Thelma and Louise: Breakthrough tip for 5/7/2016

IMG_0014If you know who Thelma and Louise were/are, set your timer and write non-stop for twenty minutes about what happened after they jumped. If you don’t know who they are, do NOT google them, set your timer for twenty minutes and write about the moment that they jumped. Have fun. Please send us what you wrote.

And from Breakthrough reader and writer, Mary Patton:

Nothing is Nothing

John and I sit in a cheap but overpriced Vietnamese noodle shop with a t.v. blaring advertisements about how Bisel will steam clean your carpet the very best and how OmegaXL will relieve all your pain. Not quite the right atmosphere for writing but we give it our full effort to dissolve all unnecessary noise into the part of our brains that deems incoming senses as unimportant enough to disappear. The sound waves of the boob tube cease to send vibrations through the air and our own writing ideas send a more powerful energy through the tips of our pens as we sit in a booth furthest from the television.

John writes furiously. “If I disappear, I’ll…”   He is engrossed in his writing and smiling with satisfaction. I imagine he is writing a fantasy story of invisibility cloaks and space aliens who live without sight or sound. I struggle.

I am doing mental yoga trying to both be aware of my surroundings with all senses and ignore distractions in this unworthy environment. I succeed when my own story begins to blossom from nothingness.

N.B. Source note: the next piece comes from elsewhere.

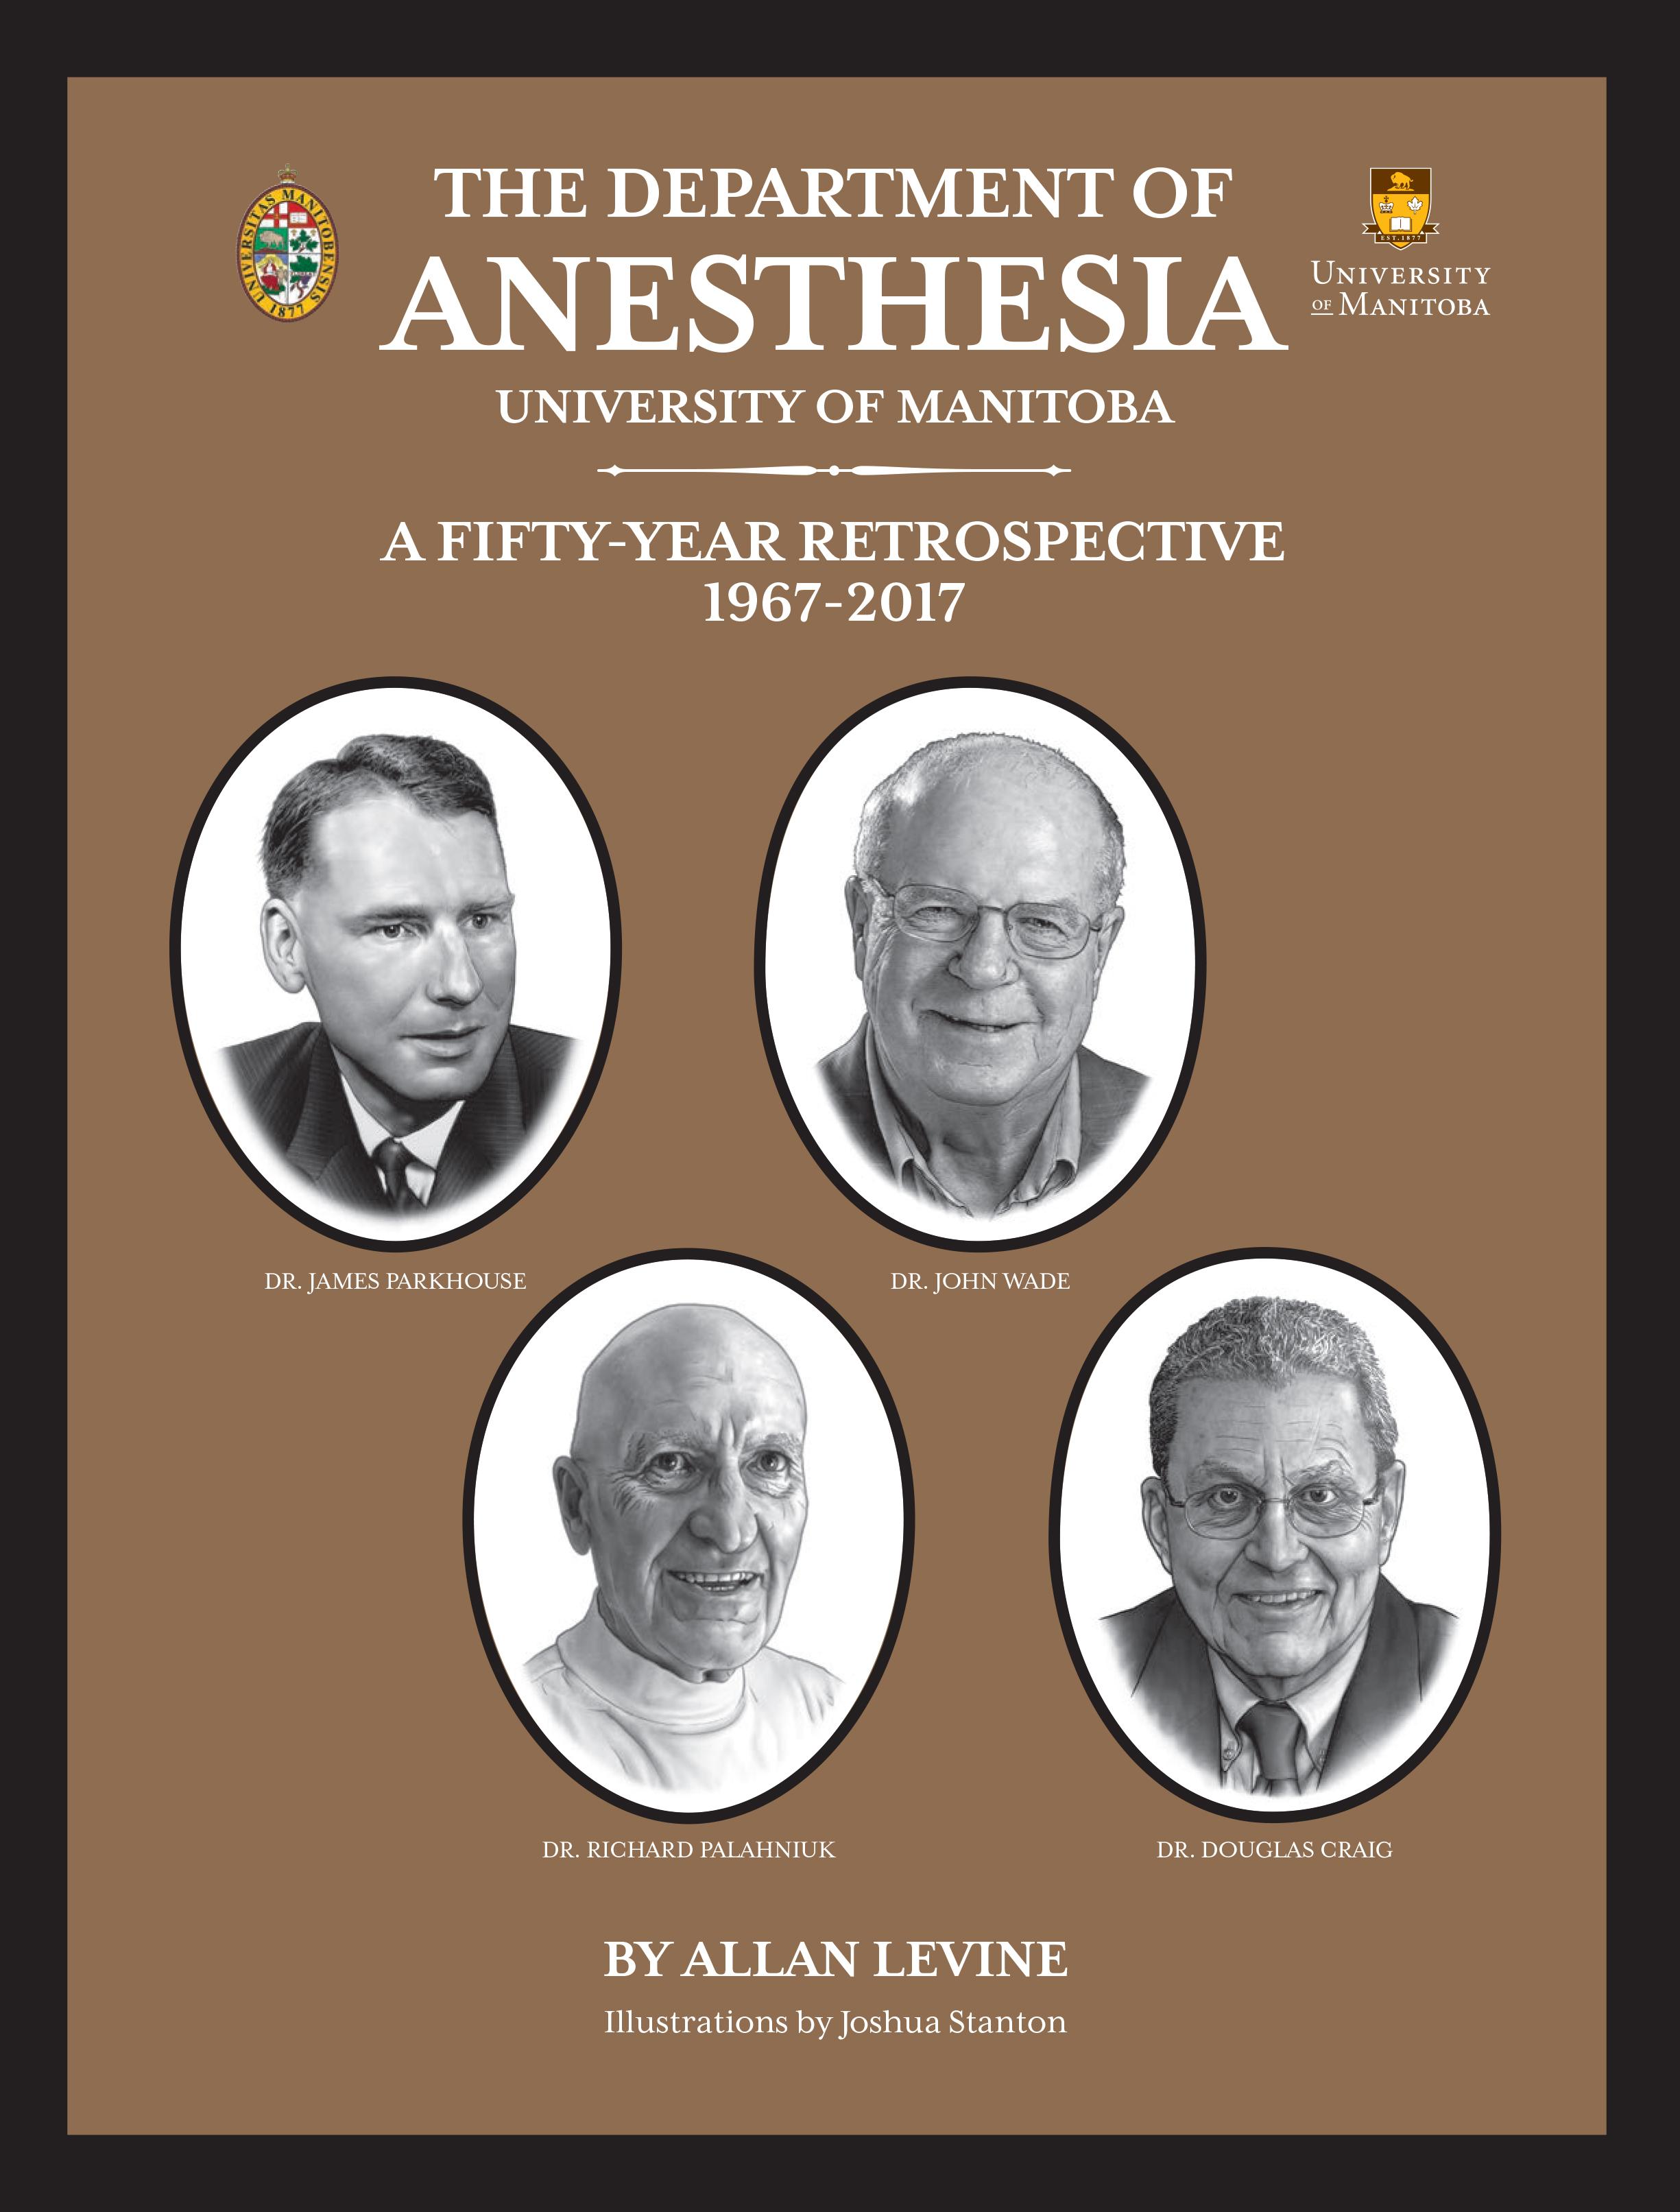 Cover-Anesthesia-UofMfinal.jpg

If I disappear, I will cease all judgments and be free of time and space. Uncritical of others and indifferent to the criticisms of others and yet in total harmony with them. Words will blow before my reader’s eyes like an imperceptible breeze that comes and goes to who knows where. The trees will gently sway from the breath of my story and as I grow in skill and strength and the trees clap their hands.

The tiny nuances of story rise, invisible as microscopic water vapor that rises to the ionosphere then slowly falls as moisturizing mist, not caring whether it lands in a mud puddle, on a wind shield to be swiped away by mad rushing wipers or in an ocean and cycled through a fish’s gills. Not caring who will read, who will approve or disapprove.

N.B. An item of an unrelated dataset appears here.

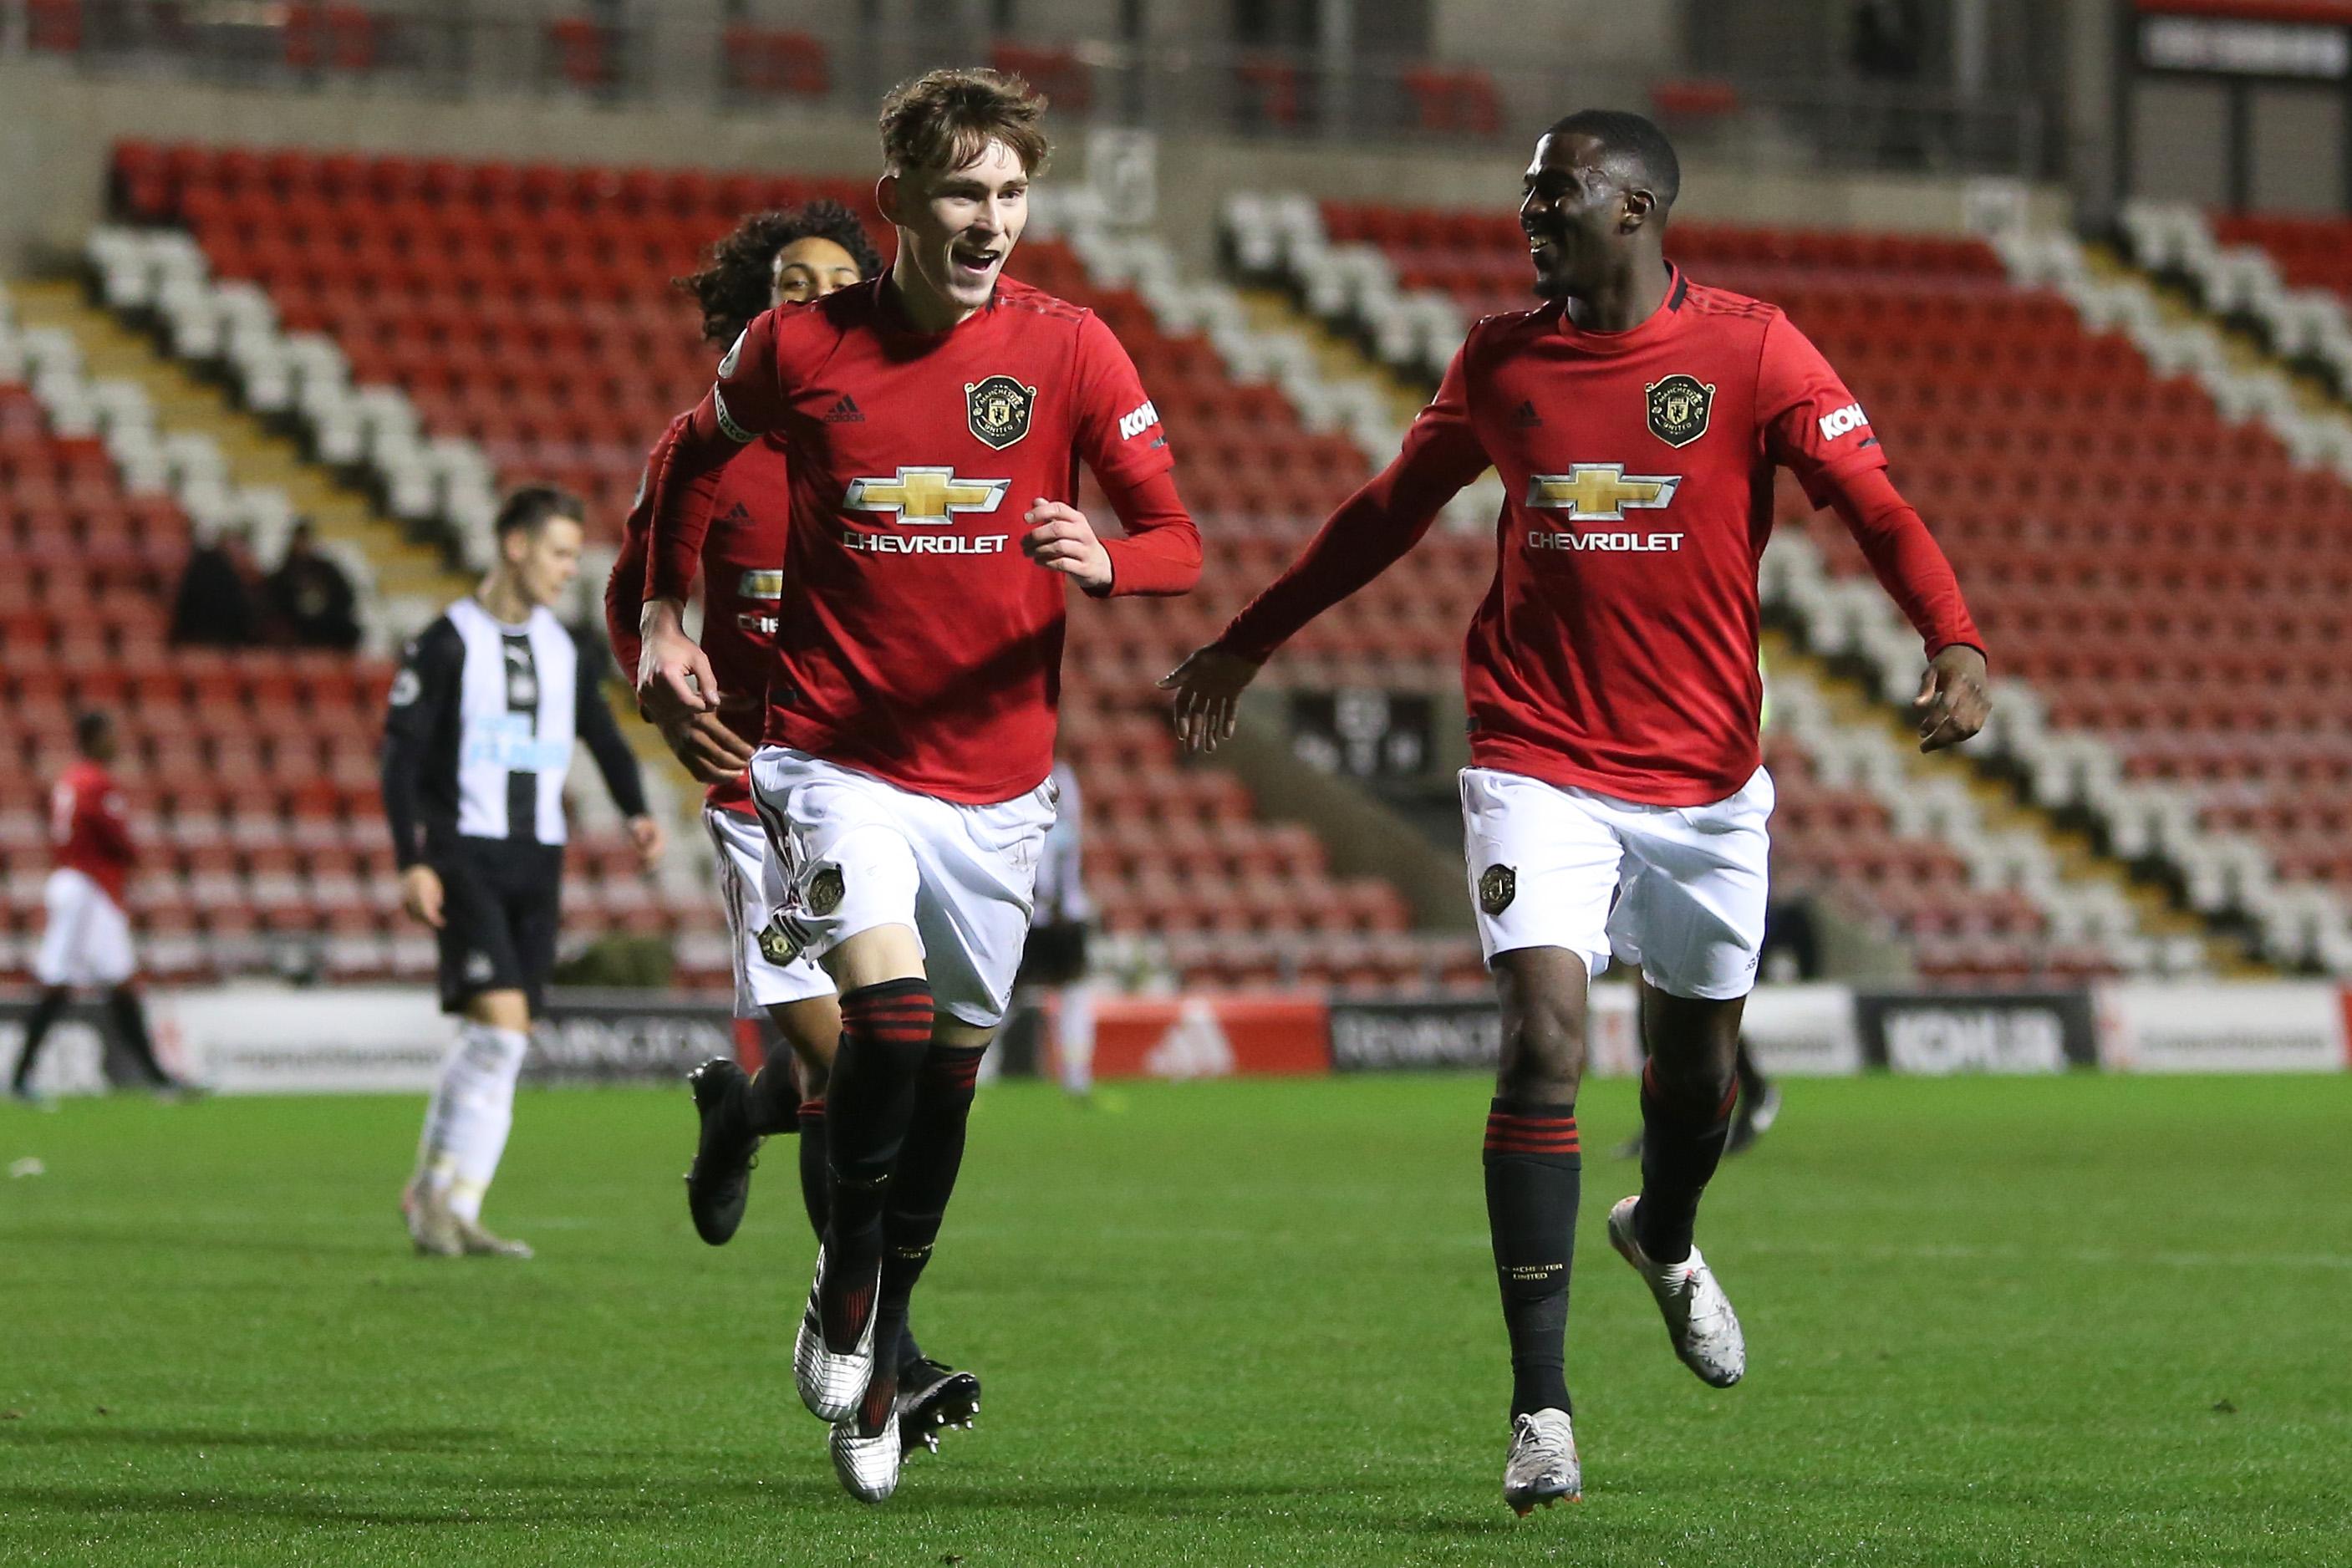 Manchester United v Newcastle United - Premier League 2

Into the deepest ocean, I will eventually sink with molecular words again rising to the highest altitude drifting as wind, pulling and pushing H20 though the mystical cycle of life. Invisible as self but a might wind and flooding torrent when combined with other readers and writers and makers of song. Together our voices are loud.

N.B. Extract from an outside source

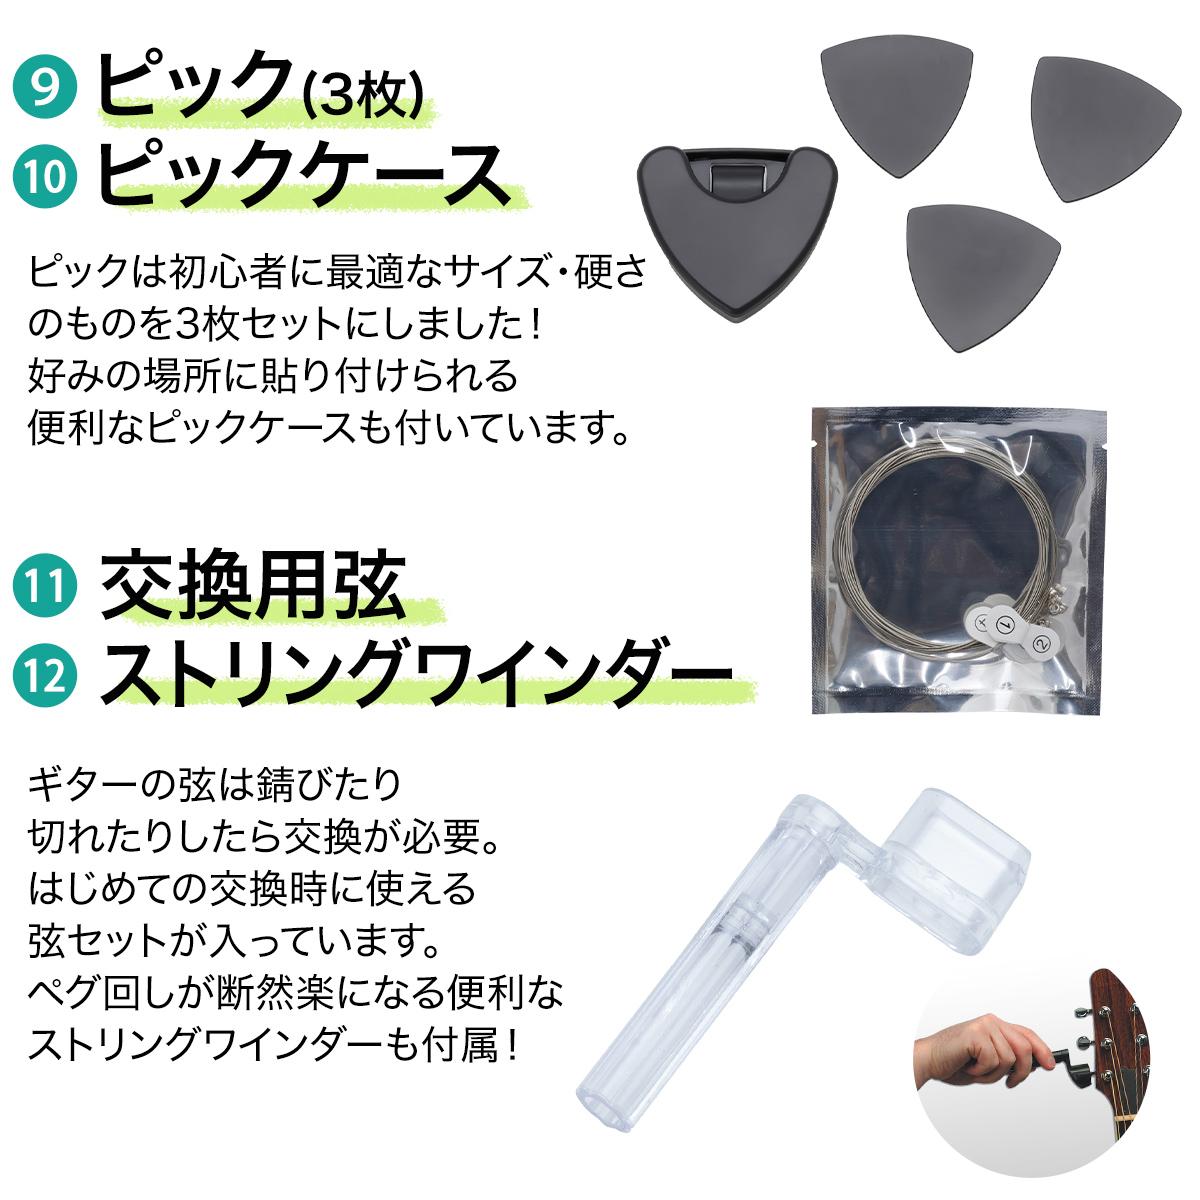 https://image.rakuten.co.jp/shimamuragakki/cabinet/set/01a/eg14set_ymhmn_4.jpg

Just as wind and rain don’t act alone in a weather pattern, our work combines with the assistance of the millions of artists who have blown before us in time. Their art created gales and blizzards and create and destroy, dry and moisturize again the dry-cracked minds of those who have forgotten who they are.

If I disappear, I’ll find I am part of a greater whole, being both similar and unique in the huge cycle of life with no need to compete or struggle or worry.

I pull my pen from this page and realize as a hungry customer opens the restaurant door that the wind outside is howling. I laugh as I scramble for my wind tossed pages. Some invisible writer has impersonated the wind and tossed my words like a salad.   The sky has become dark and cold this spring afternoon and the television is still blaring it’s inane, brain washing drivel. Somewhere many artists are awakening in Flagstaff. The wind in the café door tells me so.